Everything in the listing below should be written out again exactly, except the pictures.

Available data:
========================================================================
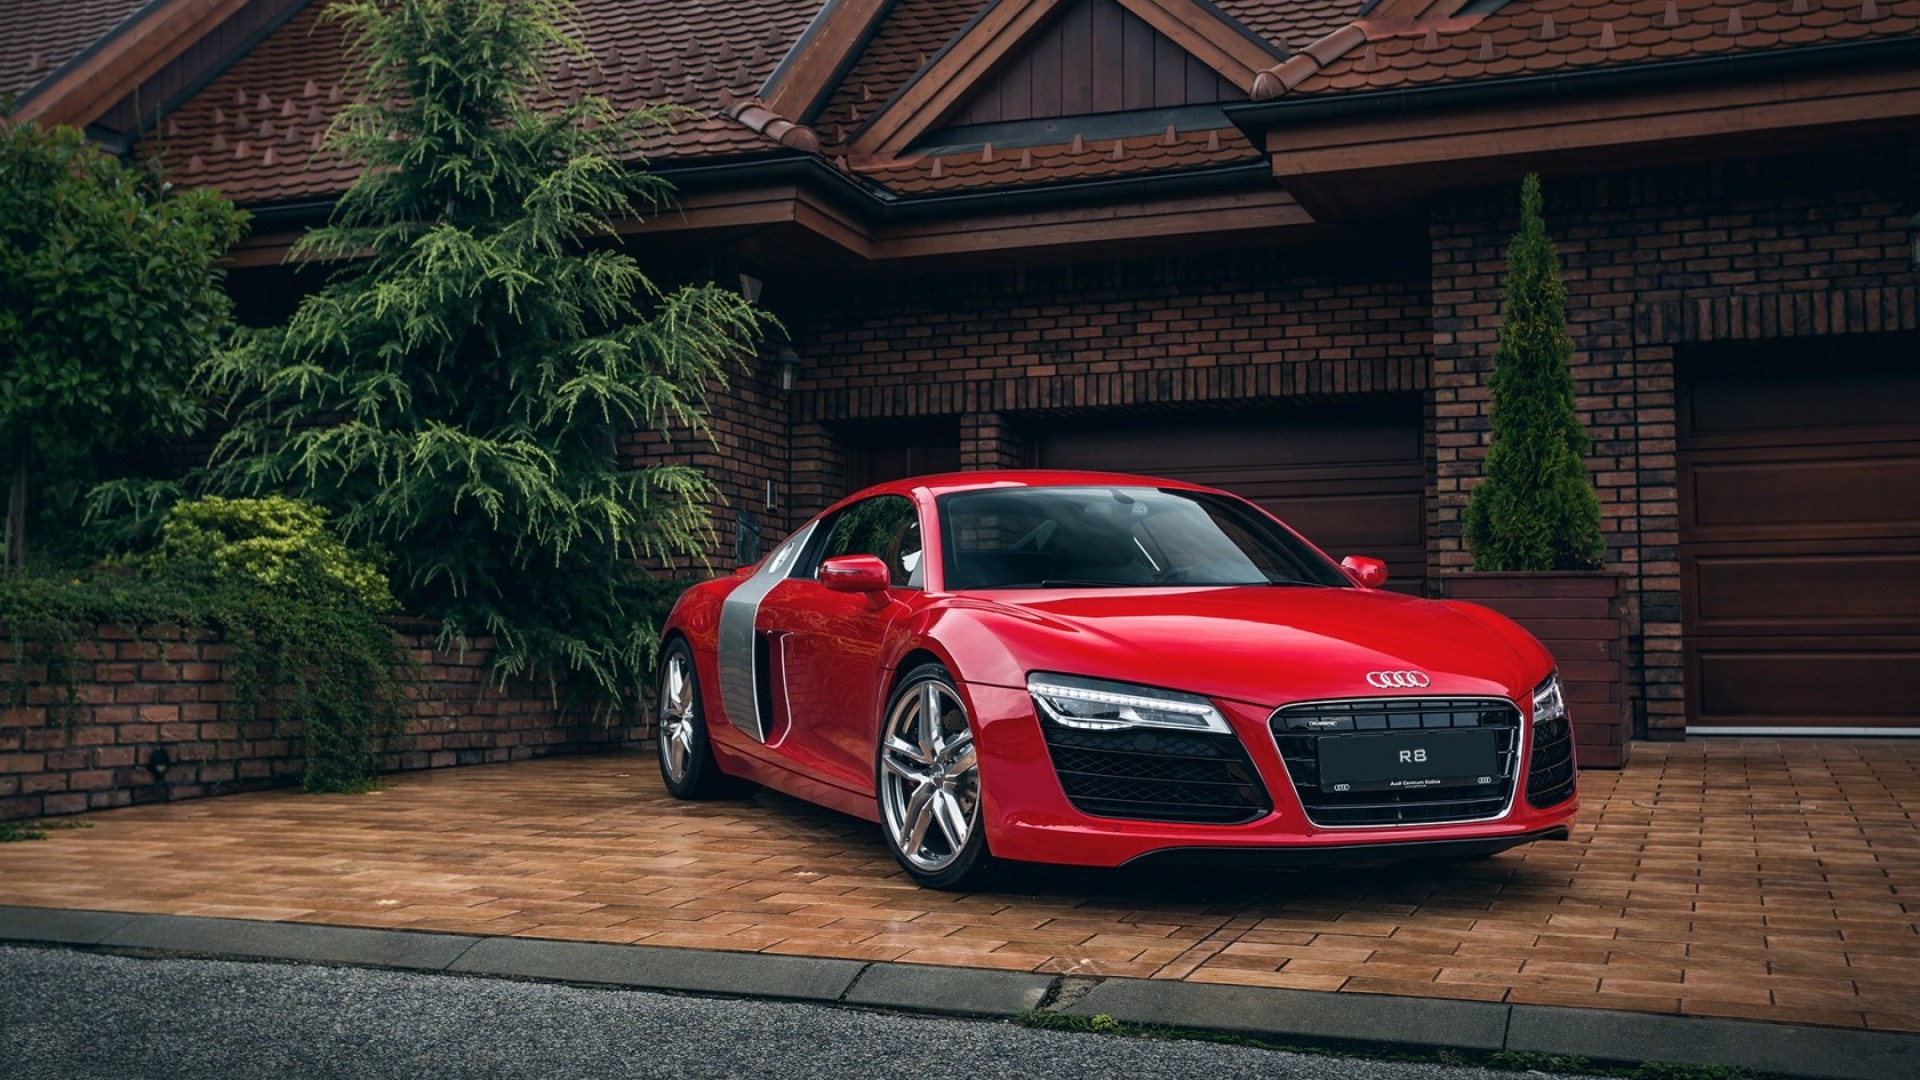 1920x1080  Audi R8 Red Front View Full Hd 1080p Background hd 1080p Audi
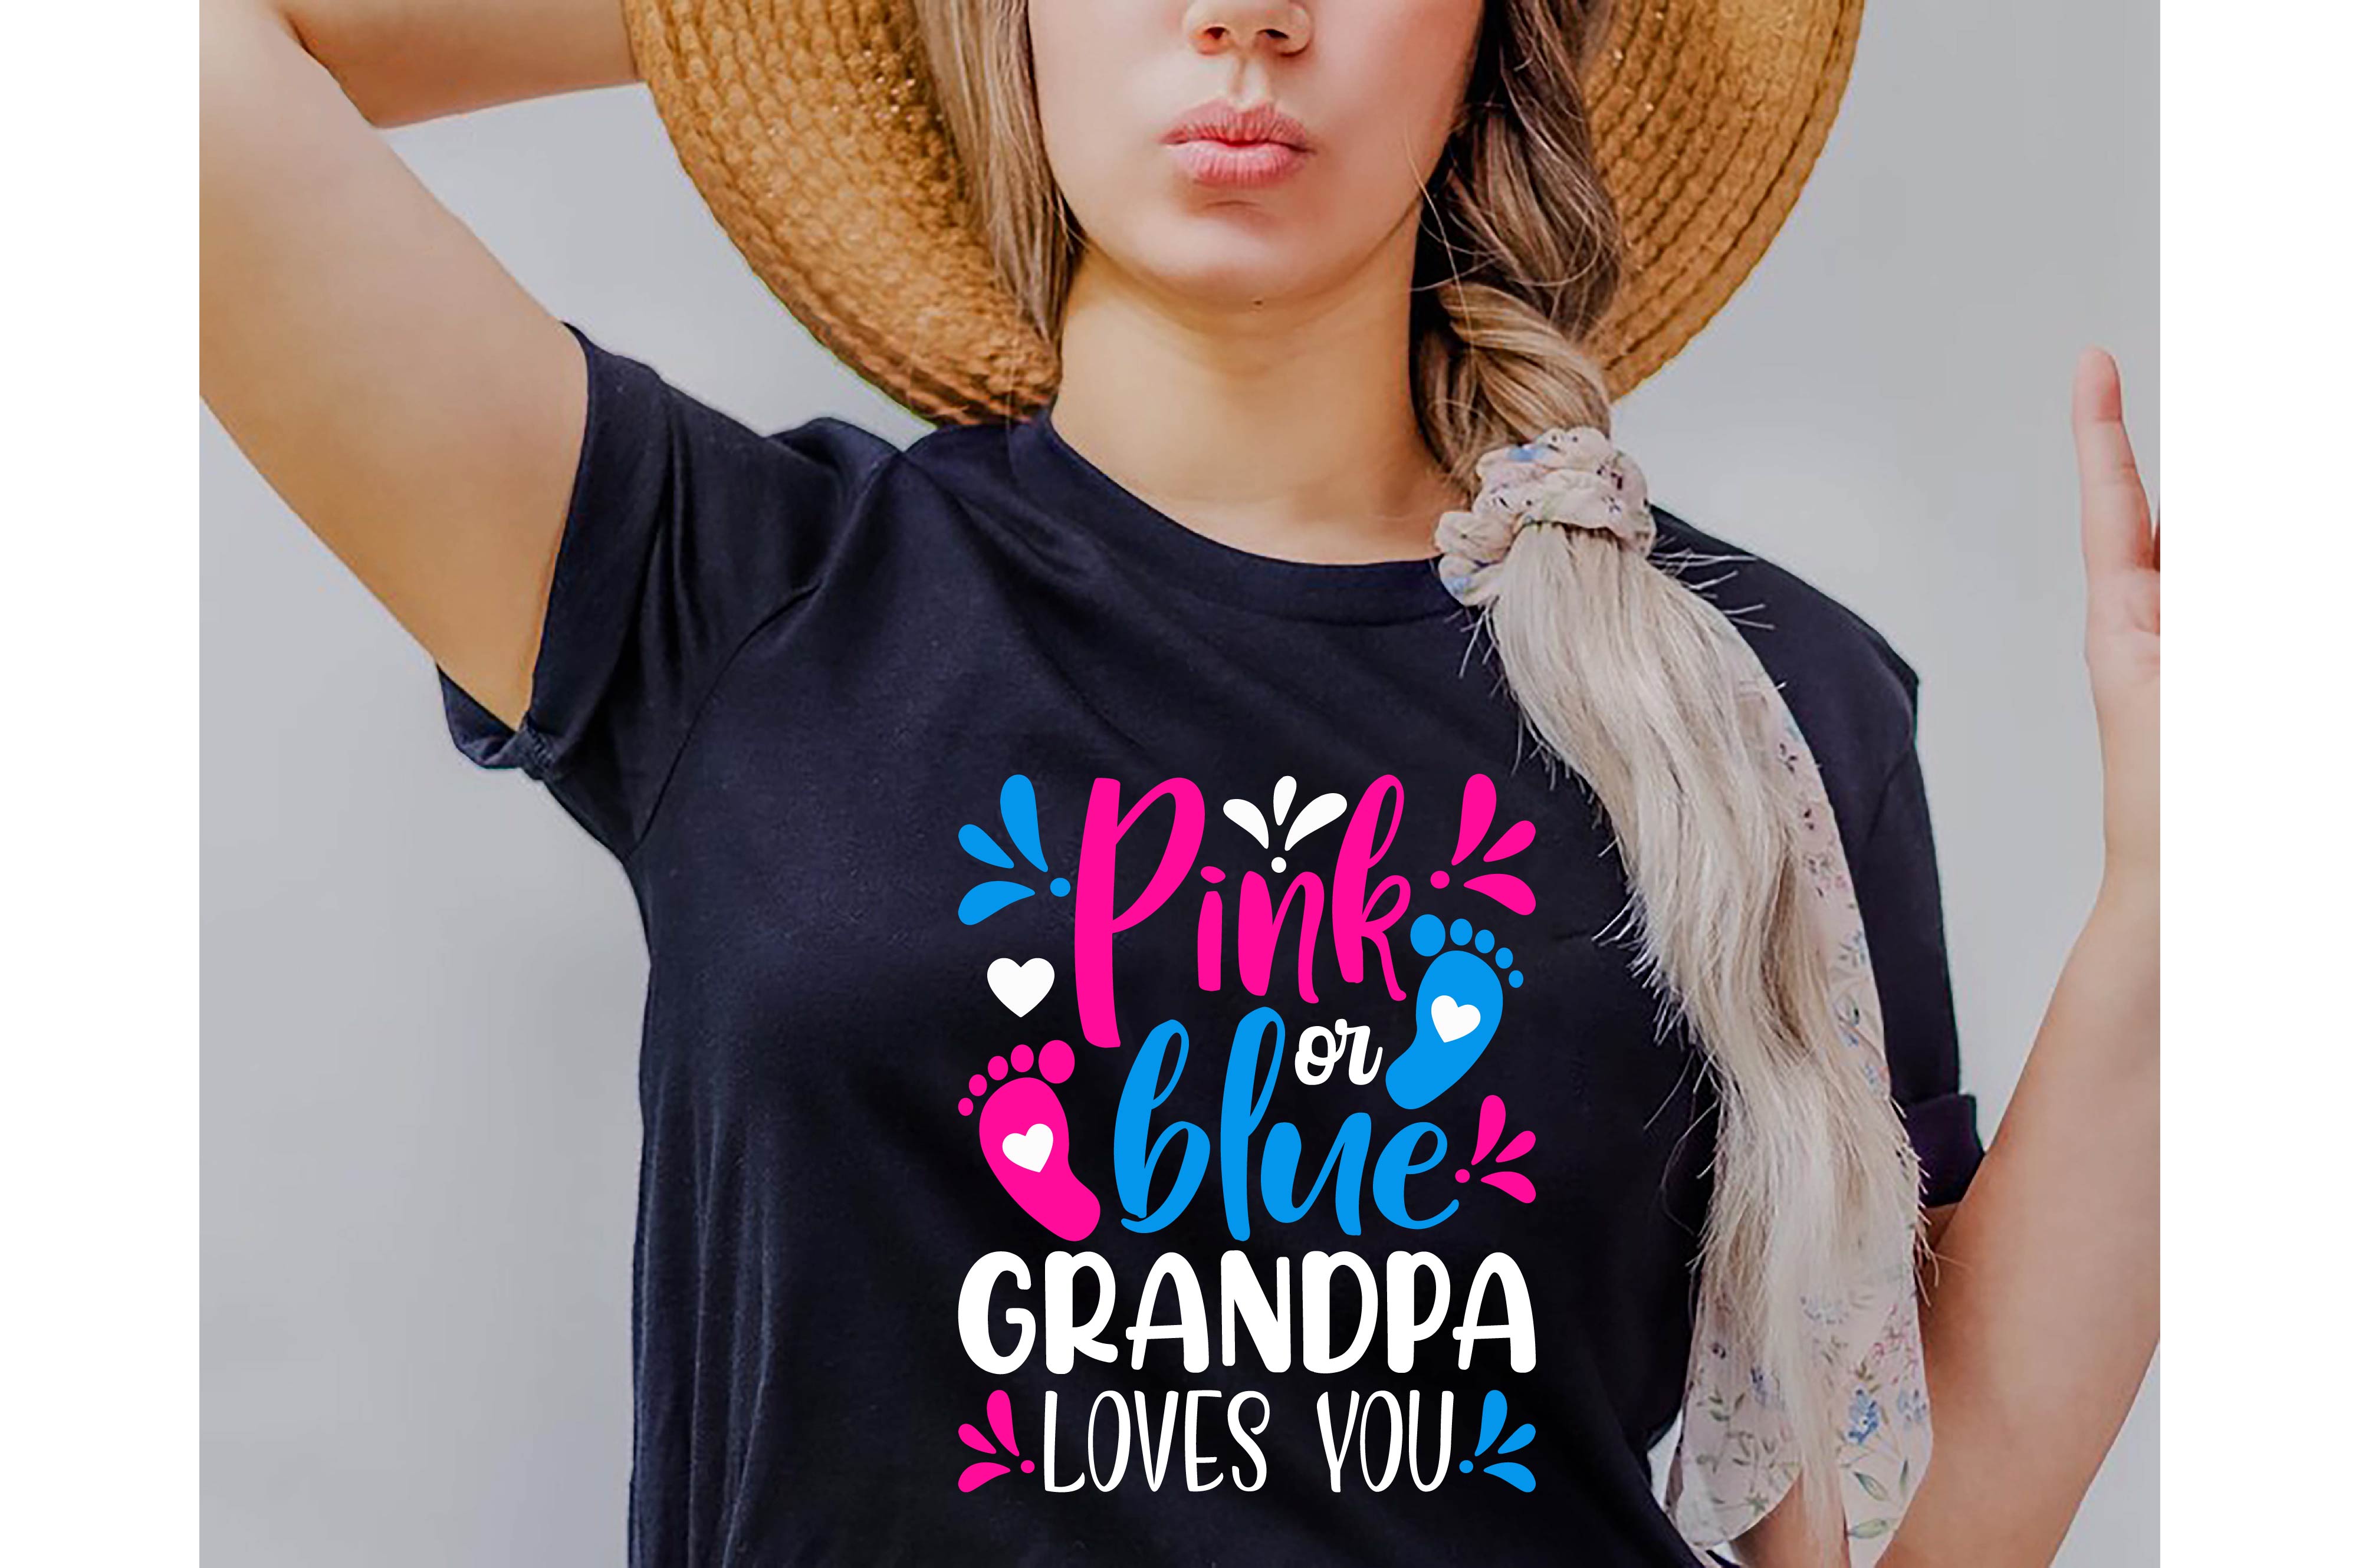 Woman wearing a black shirt that says pink is the new blue grandpa loves you.
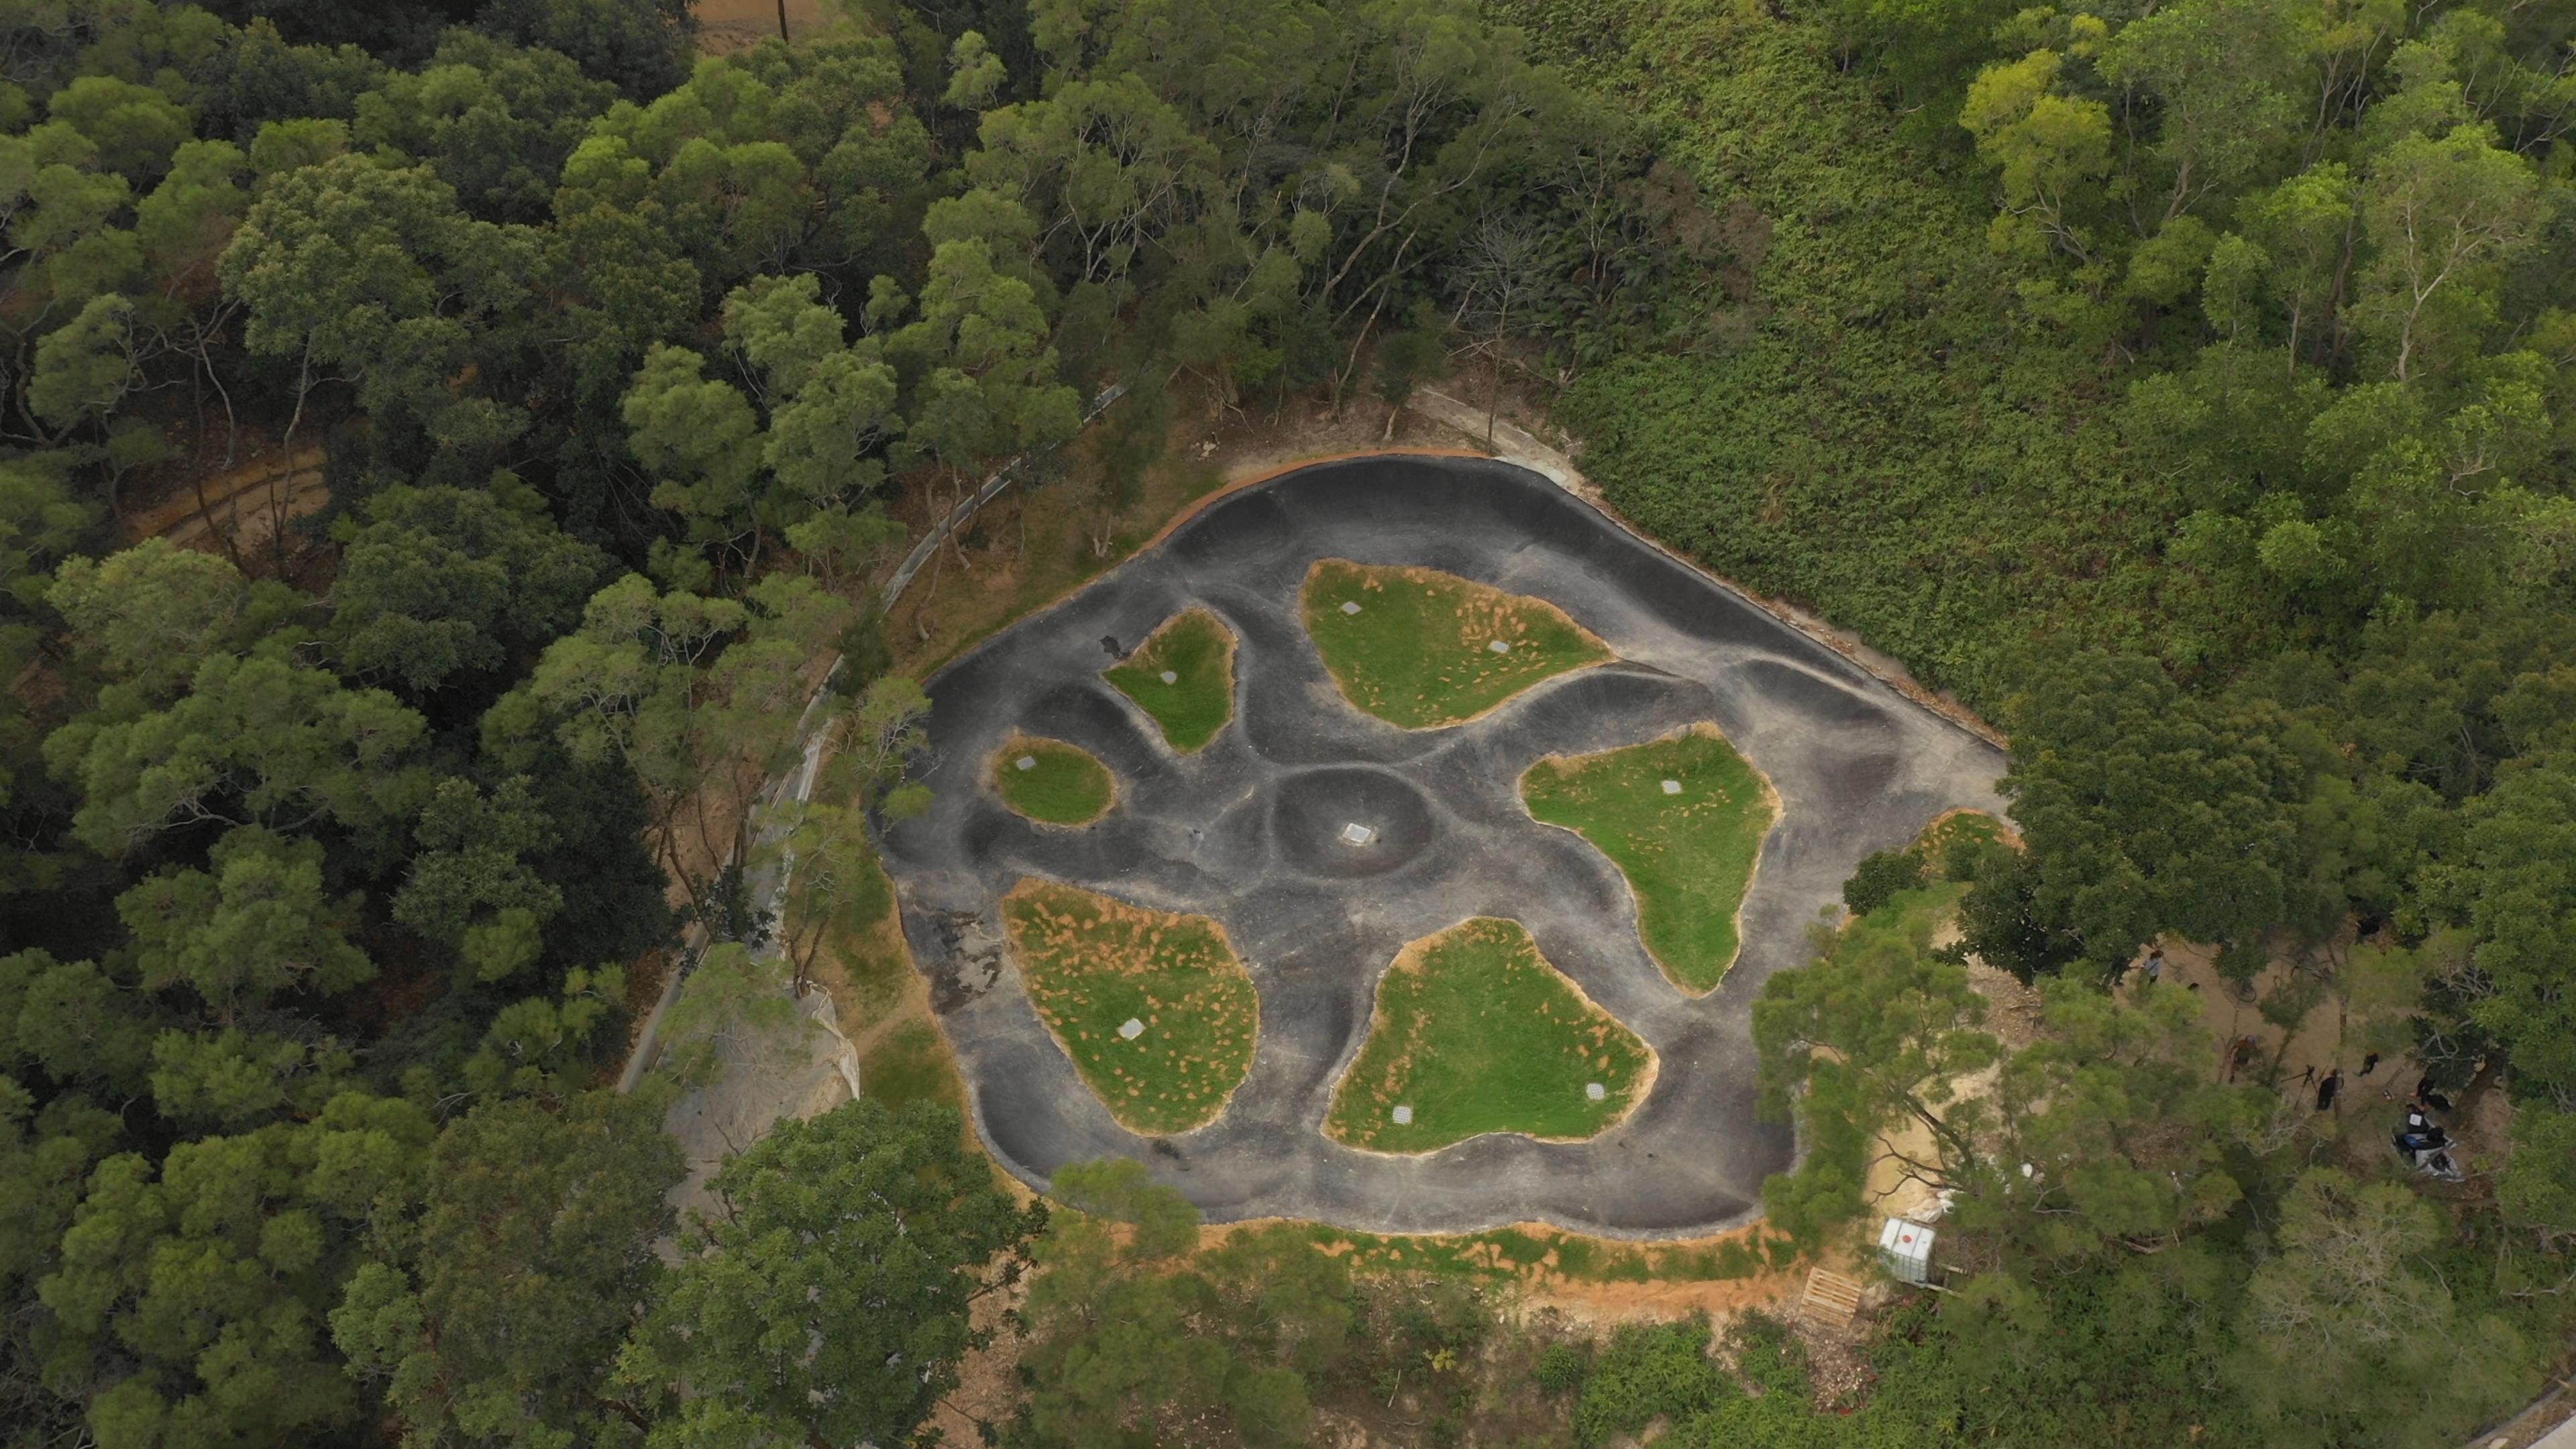 The Mui Wo Mountain Bike Practice Ground opens today (December 17). Photo shows a pump track in the practice ground.
========================================================================
Solution to this task:
 1920x1080  Audi R8 Red Front View Full Hd 1080p Background hd 1080p Audi
 Woman wearing a black shirt that says pink is the new blue grandpa loves you.
 The Mui Wo Mountain Bike Practice Ground opens today (December 17). Photo shows a pump track in the practice ground.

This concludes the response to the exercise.